British theatre company

Simple8 is a London-based theatre company formed in 2004 by professional actors, writers and directors. They aim to produce innovative ensemble theatre that is ecologically sustainable.

==Productions and reception==
In 2006, Simple8 staged an adaptation of Les Enfants du Paradis. The Times gave it five stars and said that it was "A superb production and a new (newish) company possessing the skills, intelligence and dedication to create such a wonder". It was adapted by company members Dudley Hinton and Sebastian Armesto (Armesto also directed).

In 2008, Simple8 presented The Living Unknown Soldier about a soldier left an amnesiac at the end of the Great War. It was based on the book by historian Jean-Yves Le Naour.

In 2011 the company adapted William Hogarth's engravings The Four Stages of Cruelty in collaboration with the playwright Adam Brace.

In 2013 Simple8 staged productions of The Cabinet of Dr. Caligari and Moby-Dick. In a review of The Cabinet of Dr.
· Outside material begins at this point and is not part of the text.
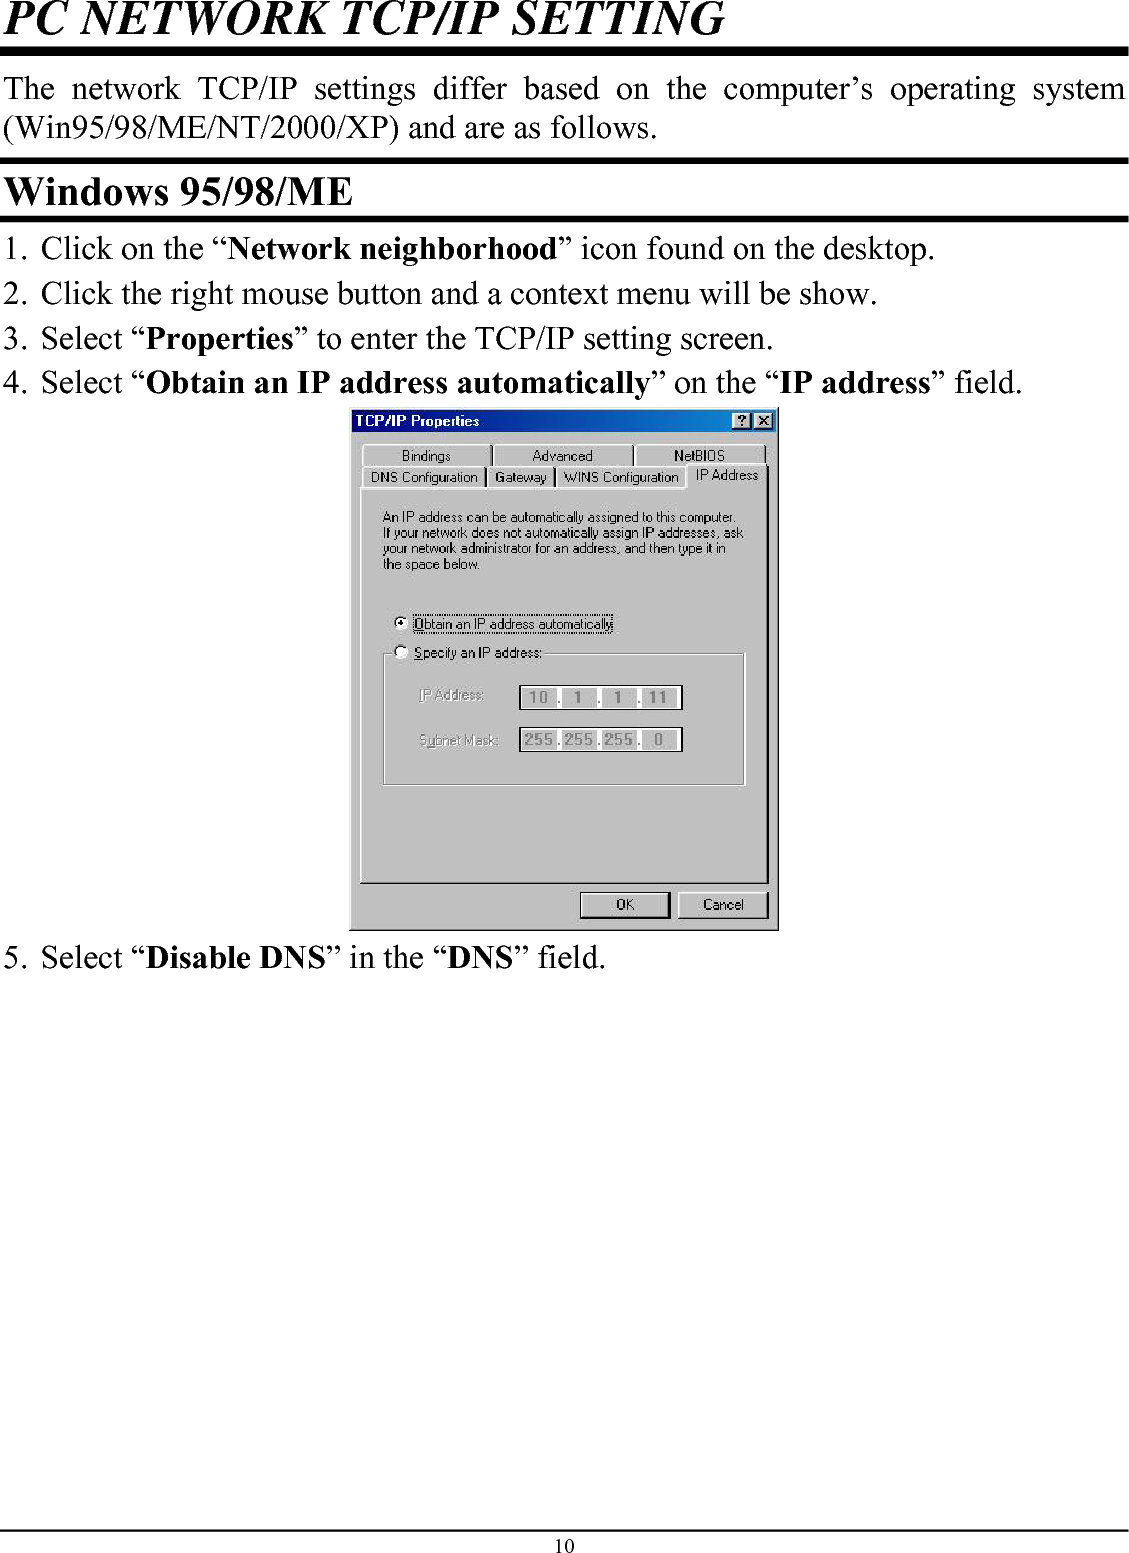 10 PC NETWORK TCP/IP SETTING The network TCP/IP settings differ based on the computer’s operating system (Win95/98/ME/NT/2000/XP) and are as follows. Windows 95/98/ME 1. Click on the “Network neighborhood” icon found on the desktop.  2. Click the right mouse button and a context menu will be show.  3. Select “Properties” to enter the TCP/IP setting screen.  4. Select “Obtain an IP address automatically” on the “IP address” field.  5. Select “Disable DNS” in the “DNS” field.

Caligari for The Evening Standard, critic Fiona Montford wrote that "What Simple8 are most decidedly not doing is slavishly recreating the work onstage but rather spinning an increasingly Kafka-esque yarn that has a low-fi yet chilled atmosphere...The eight-strong cast throw themselves into writer/director Sebastian Armesto and Dudley Hinton's surreally-tinged nightmare with gusto, doubling roles, playing instruments and at one cherishable moment forming themselves into the inner mechanisms of a large municipal clock."

In 2016 the company adapted Don't Sleep There Are Snakes by Dan Everett at the Park Theatre in London. Their 2018 production of E. M. Forster's novel A Passage to India was well received by critics.

== Sustainability ==
Produced by Strawberry Vale, Simple8's The Living Unknown Soldier was the first show at the Arcola Theatre in London to be powered by the venue's hydrogen fuel cell. Peak power consumption for lighting was said to be 4.5 kW, or "up to 60 percent less than comparable lighting installations". The set for their 2013 production of Moby Dick was built out of reclaimed materials.

== Awards ==
Simple8 received the 2013 Offie for Best Ensemble - Moby Dick and The Cabinet of Dr Caligari. That same year the company also won the Peter Brook/Equity Ensemble Award.